Half a lifetime later, digital technology provided an opening. Evy was led to ace engineer Tom Size, who digitized and polished the old tapes, and two old musical friends, Bobby Vega and Pete Sears, replaced bass and organ parts on a couple songs that had not survived the intervening years. The result is a warm, assured collection of 11 of McPherson's songs that range from introspective balladry to tuneful pop to rollicking full-band romps.
Even though many of the original takes were meant just as demos for McPherson's songs, Mickey Hart has "no doubt people would have picked up on the songs and covered them," had they been circulated before now. "He would have turned into one hell of a songwriter if he were alive today. I mean, he was just starting to feel liberated from his past when we were together."
For Evy, who served as executive producer, completing the CD represents a different sort of liberation. "I didn't realize modern technology had to catch up with me," she marvels. "Now it's amazing what was able to happen.

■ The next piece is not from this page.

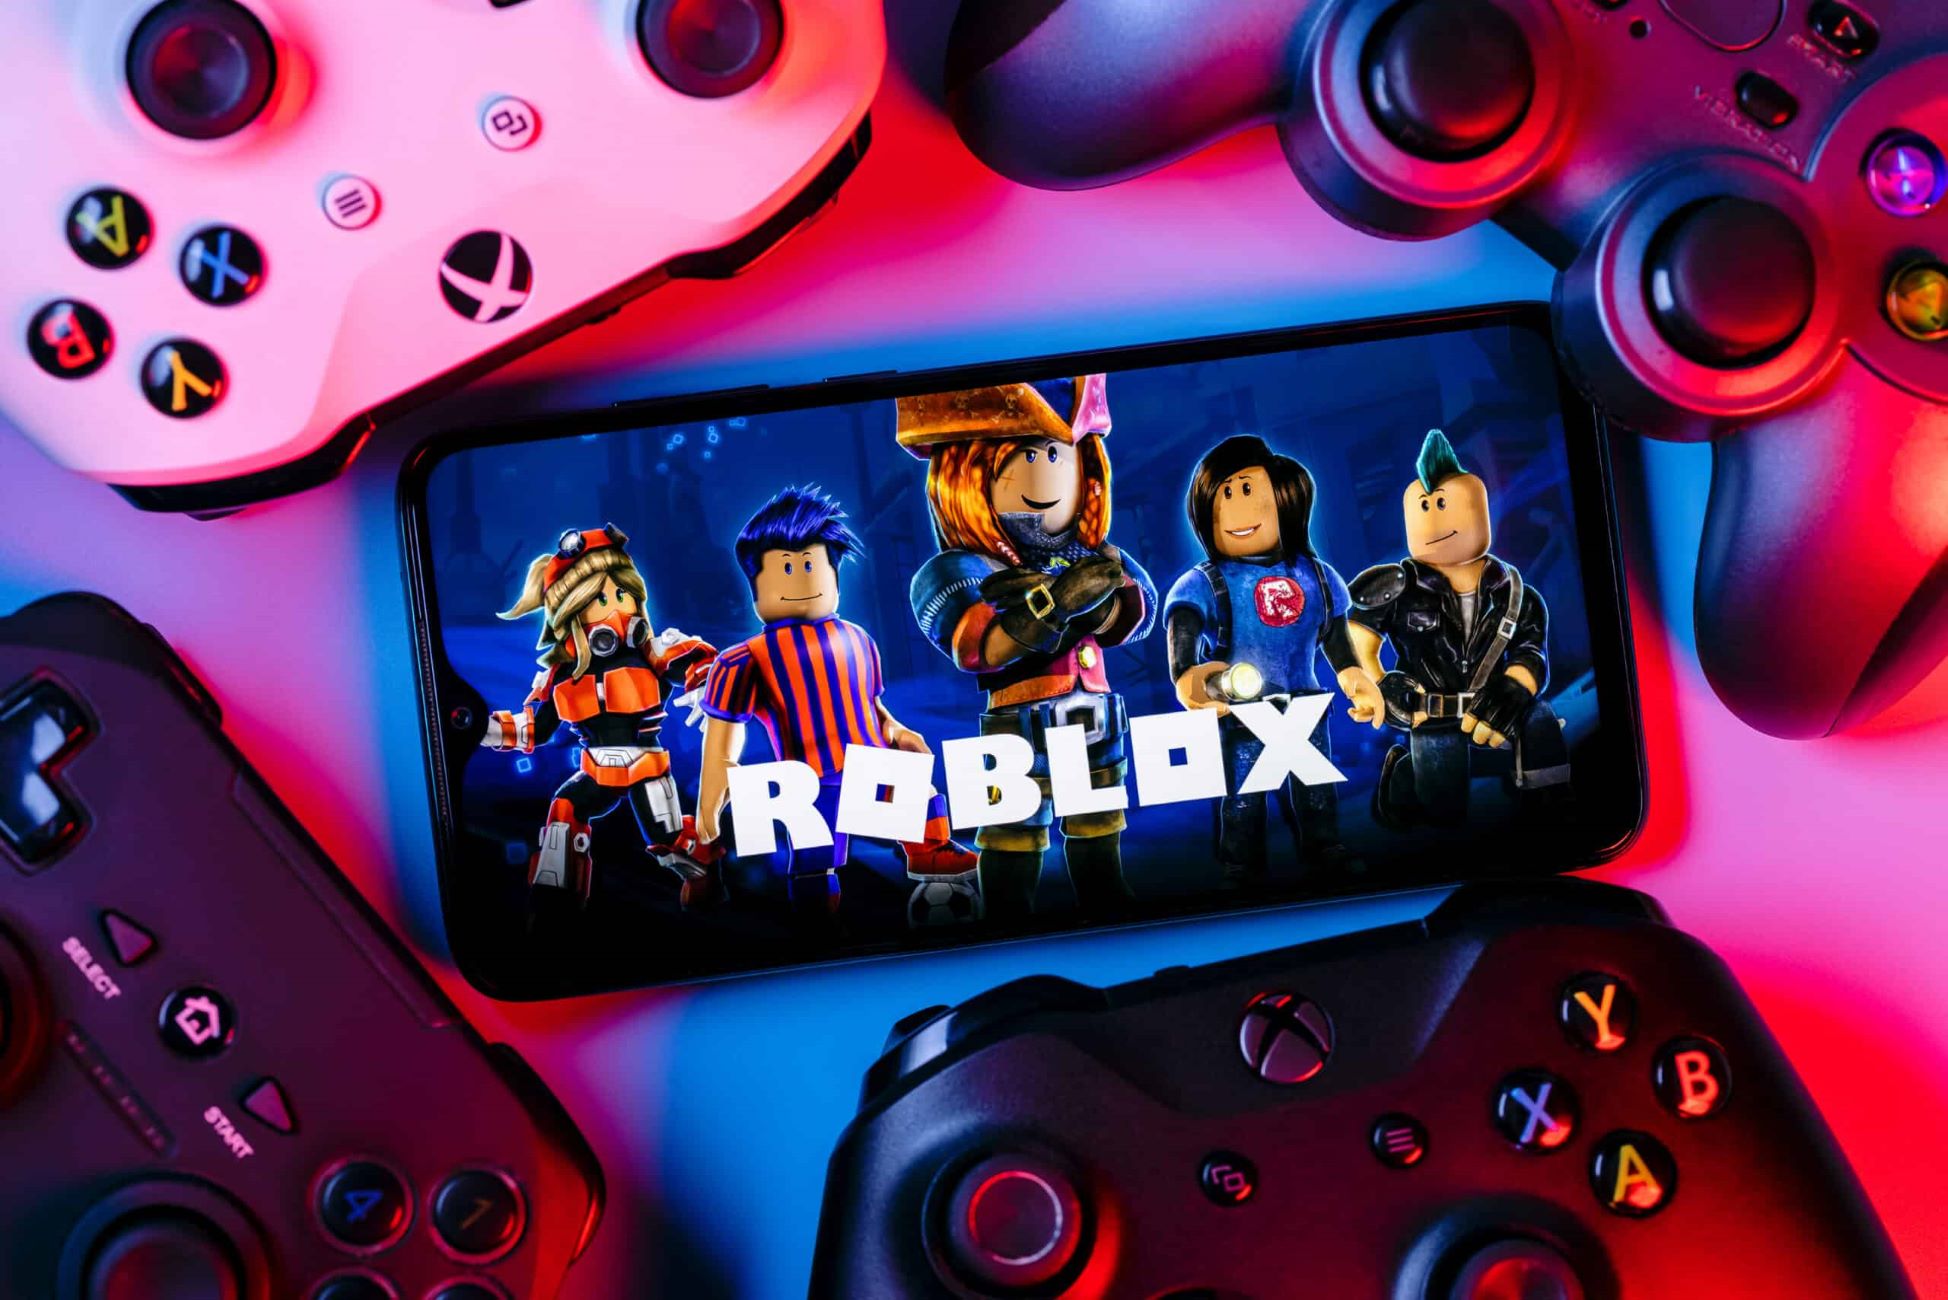 Roblox Gamepad Controls: Step-by-Step Guide

I just always loved his music, and now it's better than ever."
An impressive list of McPherson's former musical partners and admirers will assemble for a one-time CD release party in Mill Valley on Oct. 1, a cast that includes Sears, Vega, David Freiberg (with whom McPherson wrote the Jefferson Starship hit "Jane"), Nick Gravenites, Prairie Prince and many others.
"This is so much more than I ever thought," Evy McPherson says, haltingly. "When you make a promise . . . you gotta keep your promises."